**ASSIGNED TASK:** Each line from the one holding "Macy's Darrium 2-pc." to the last line below must be restated word for word, and no picture may be included.

**SUPPLIED DATA:**

——————————

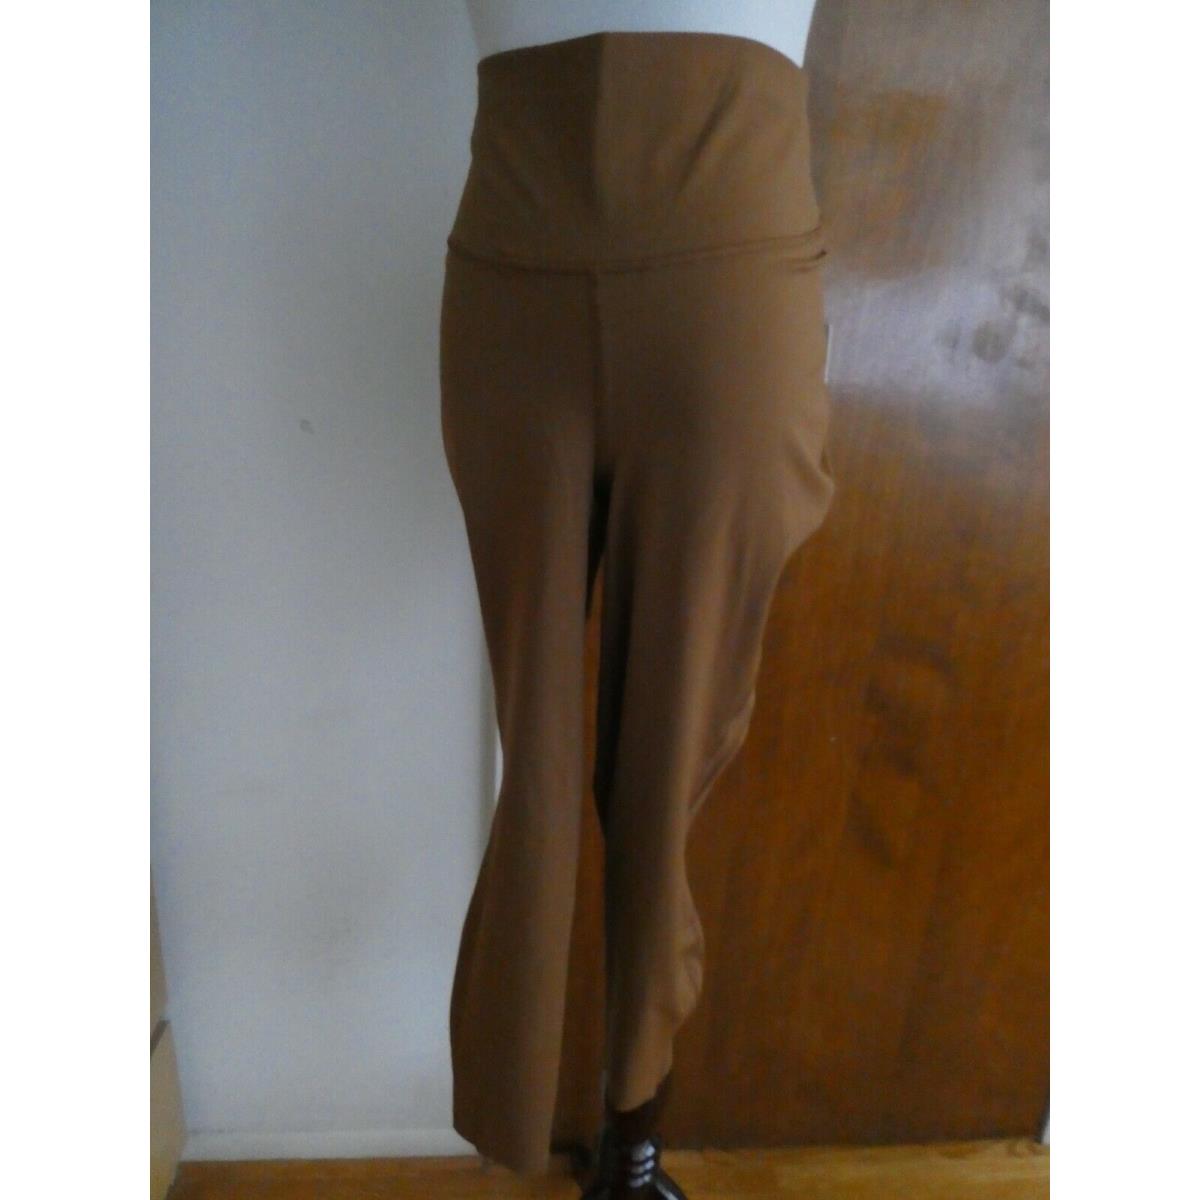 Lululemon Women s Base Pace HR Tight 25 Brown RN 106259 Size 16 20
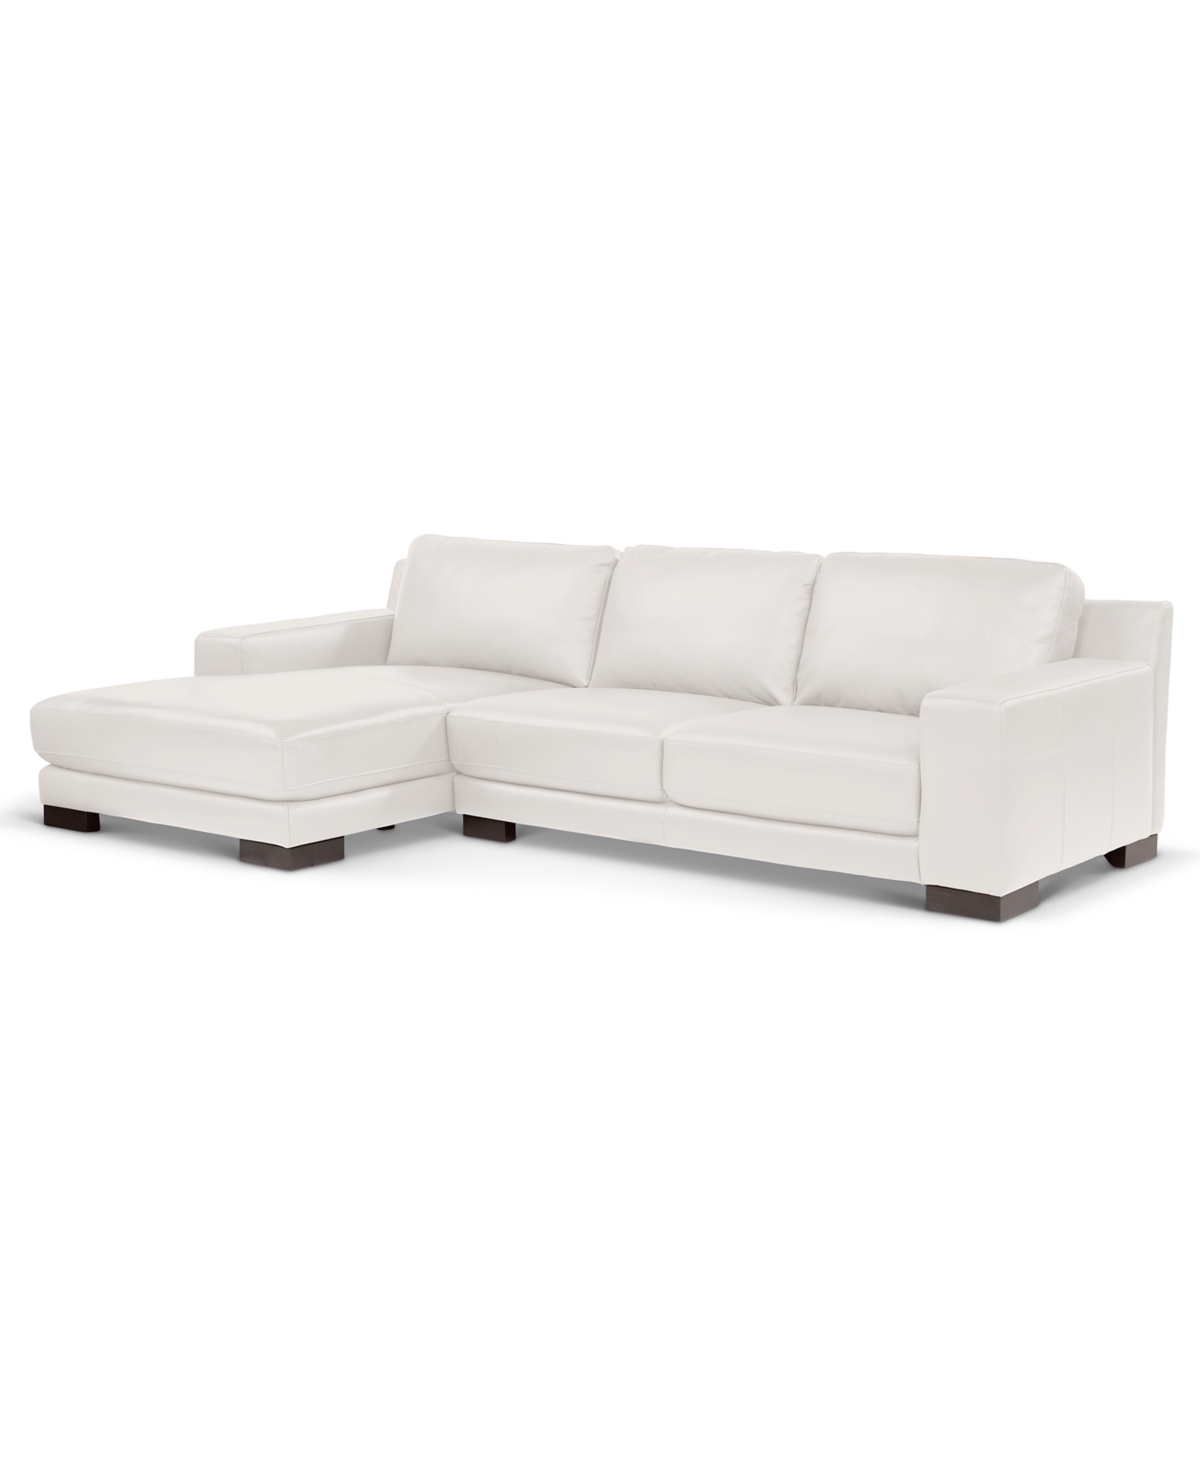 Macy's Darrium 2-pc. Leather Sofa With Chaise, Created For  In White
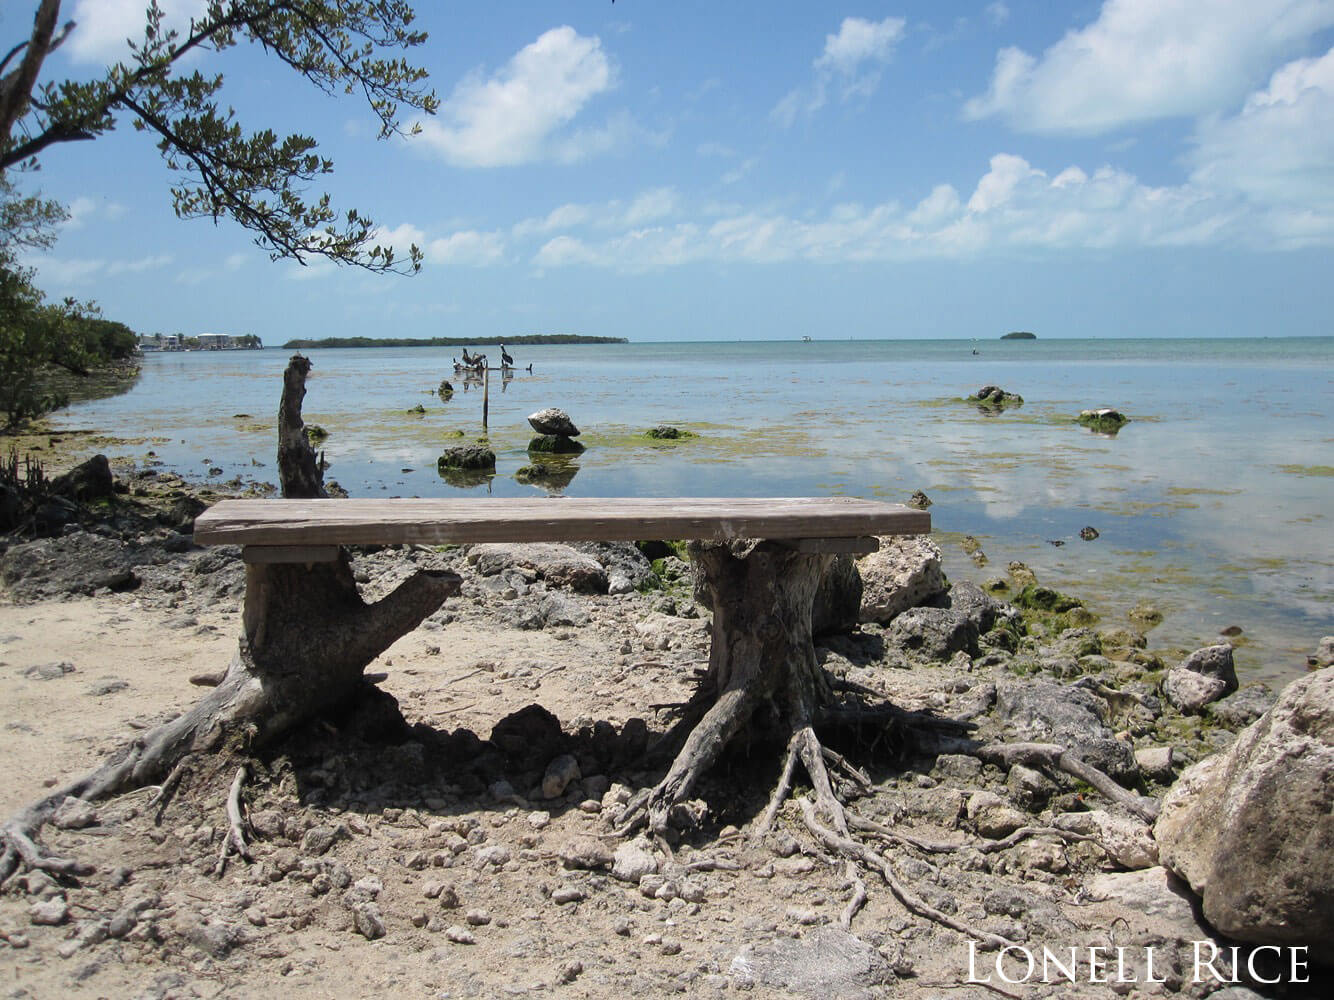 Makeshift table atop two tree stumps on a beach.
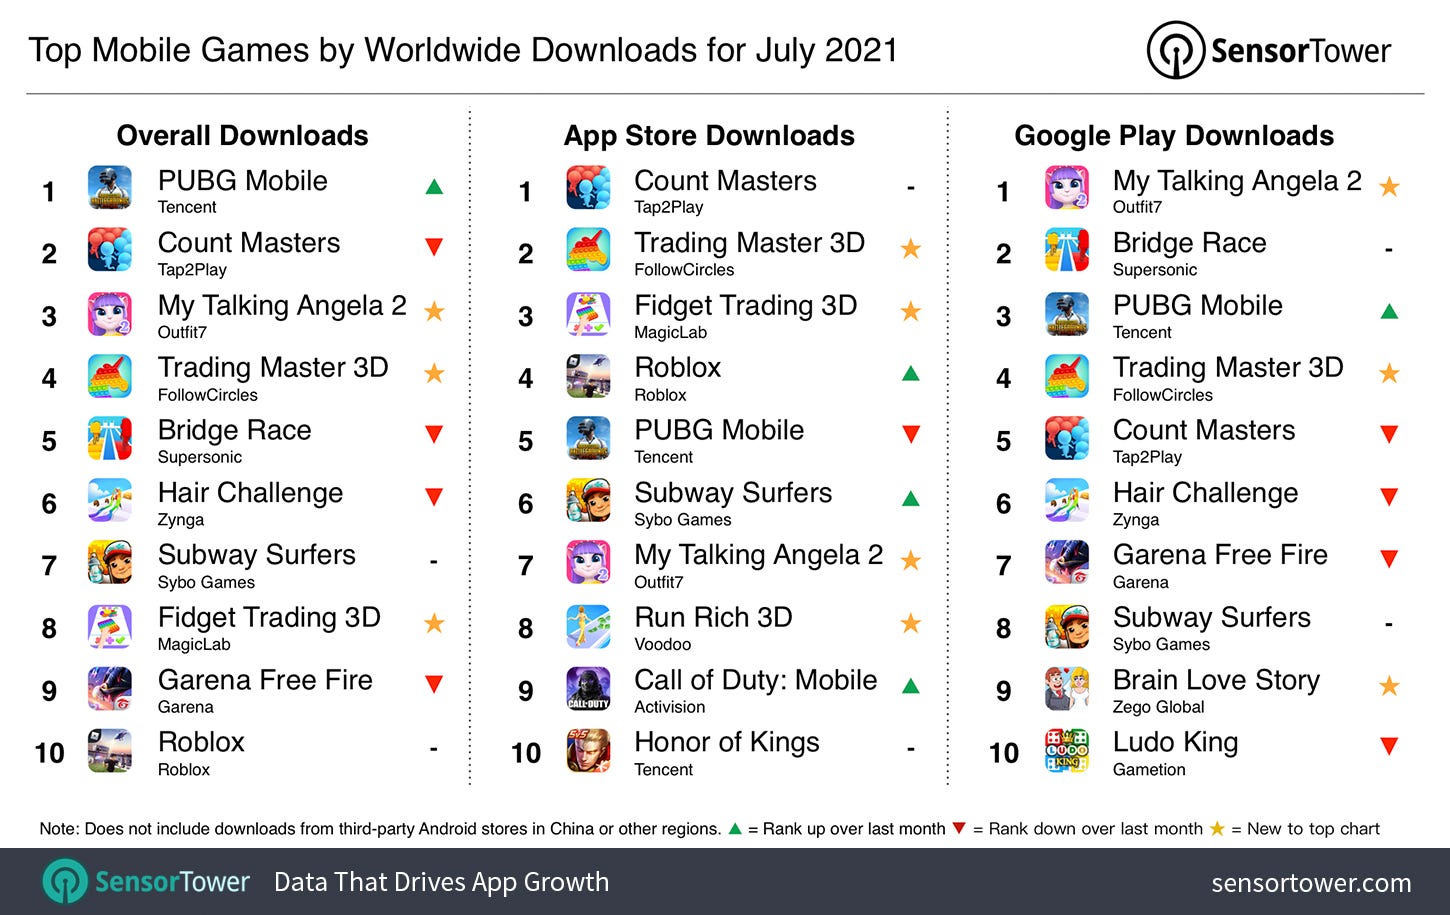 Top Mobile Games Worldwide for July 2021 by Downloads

——————————

**EXPECTED ANSWER:**
 Macy's Darrium 2-pc. Leather Sofa With Chaise, Created For  In White
 Makeshift table atop two tree stumps on a beach.
 Top Mobile Games Worldwide for July 2021 by Downloads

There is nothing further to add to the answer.